* _WORK ITEM_:
Transcribe all the data below exactly, leaving its pictures out.

* _GIVEN MATERIAL_:
___

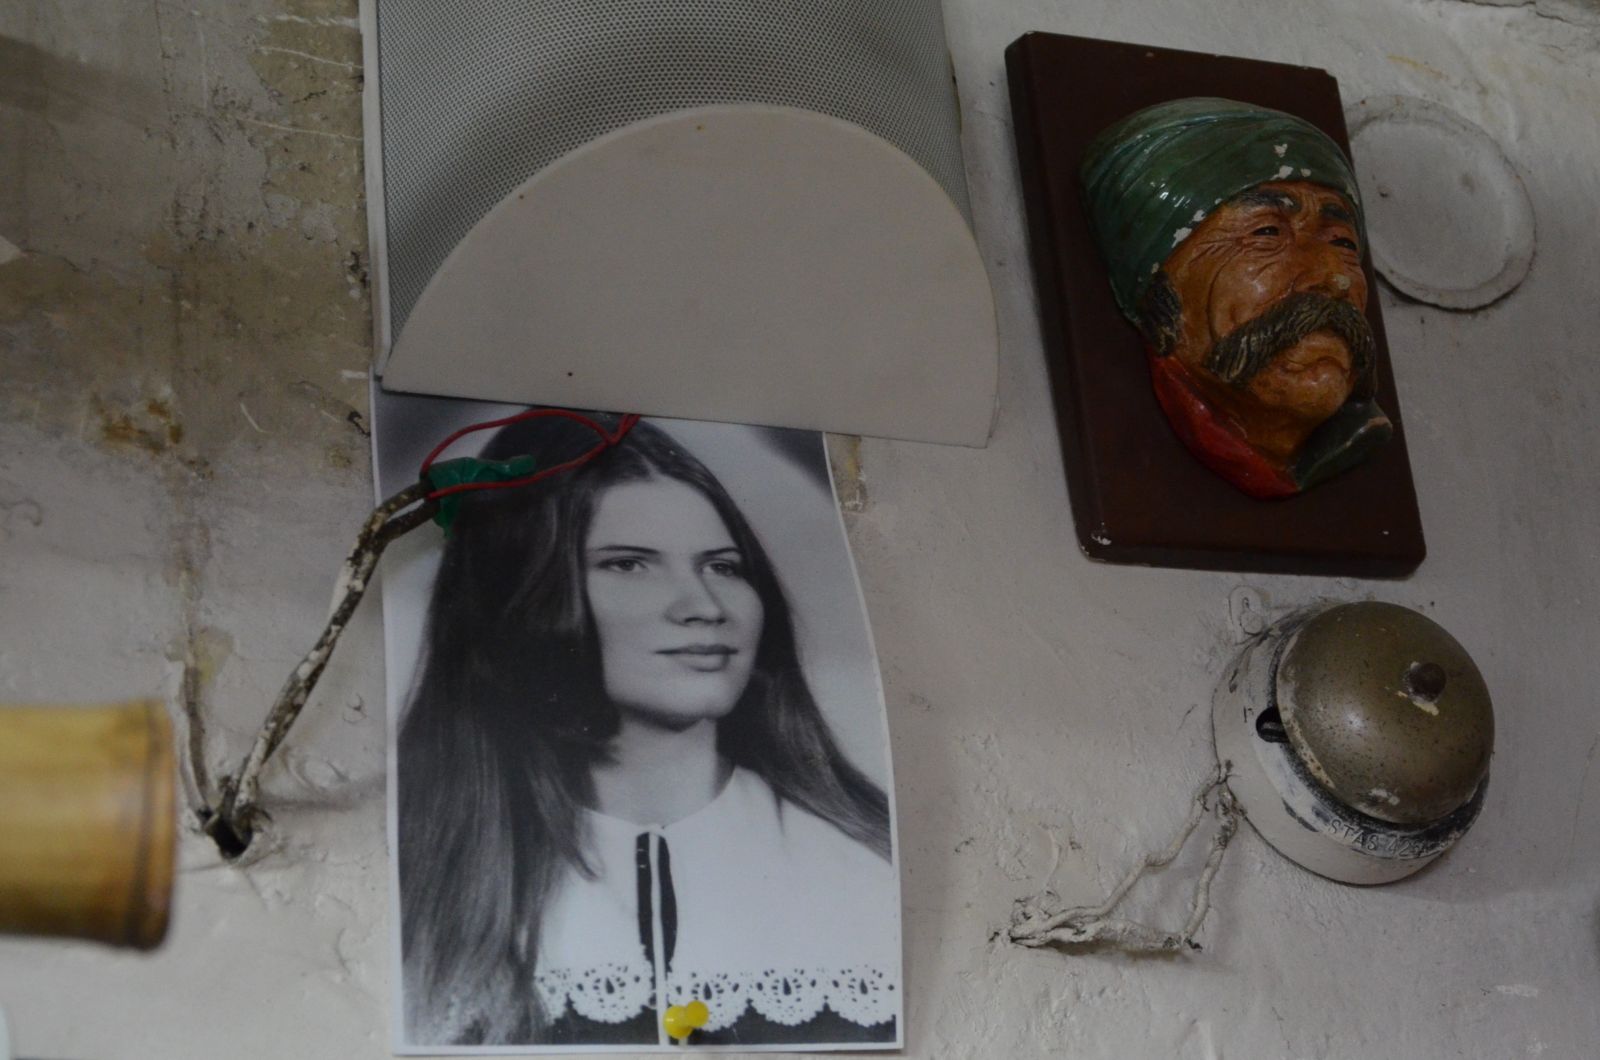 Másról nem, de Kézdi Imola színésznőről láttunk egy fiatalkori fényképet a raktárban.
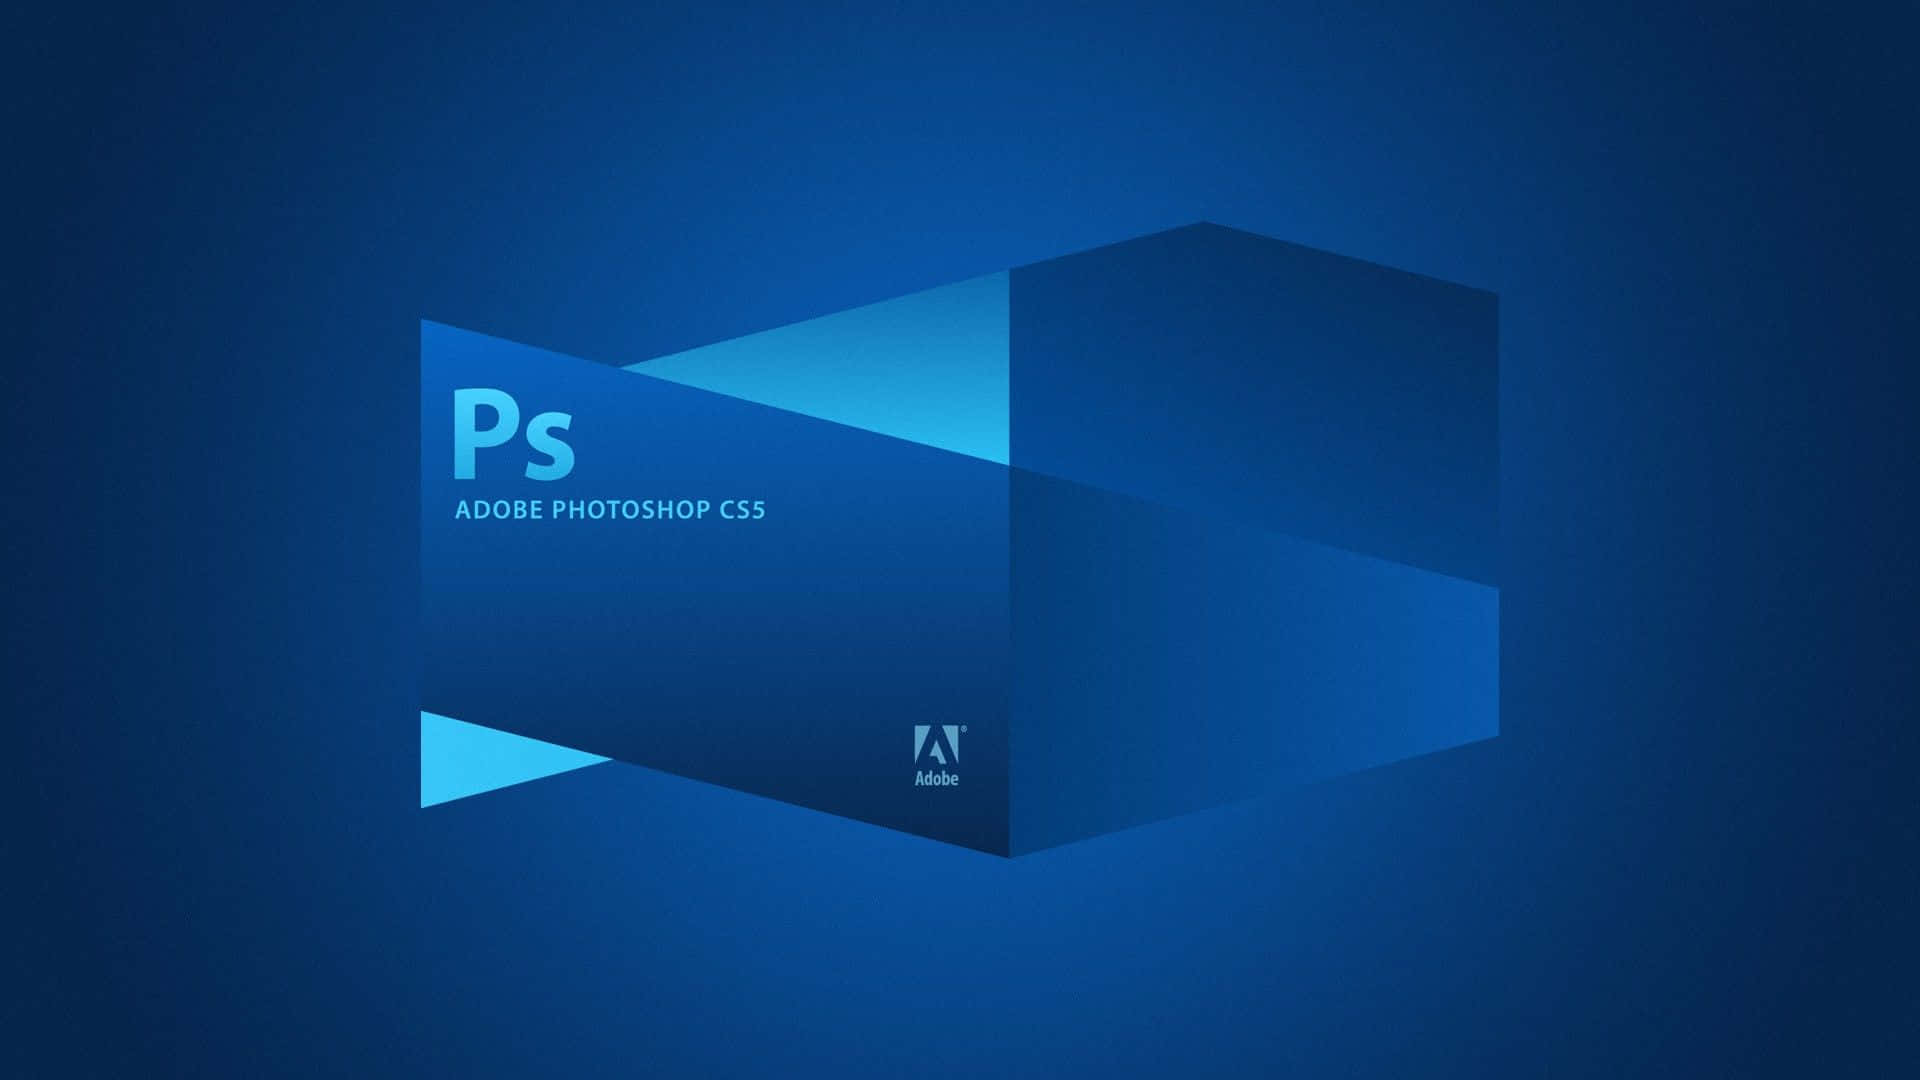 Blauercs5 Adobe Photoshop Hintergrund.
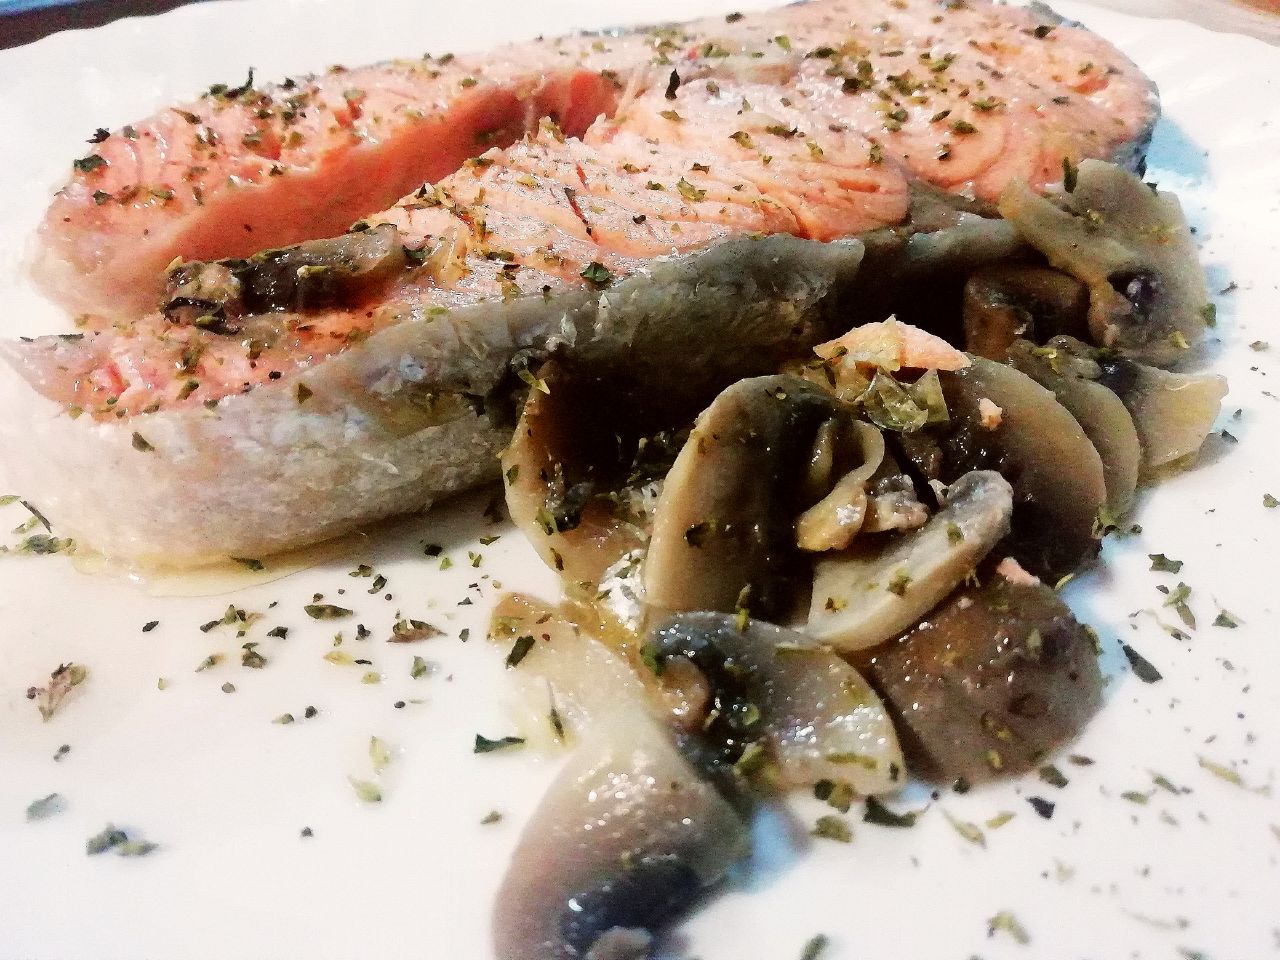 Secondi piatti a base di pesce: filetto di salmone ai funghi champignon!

___

* _YOUR RESPONSE_:
 Másról nem, de Kézdi Imola színésznőről láttunk egy fiatalkori fényképet a raktárban.
 Blauercs5 Adobe Photoshop Hintergrund.
 Secondi piatti a base di pesce: filetto di salmone ai funghi champignon!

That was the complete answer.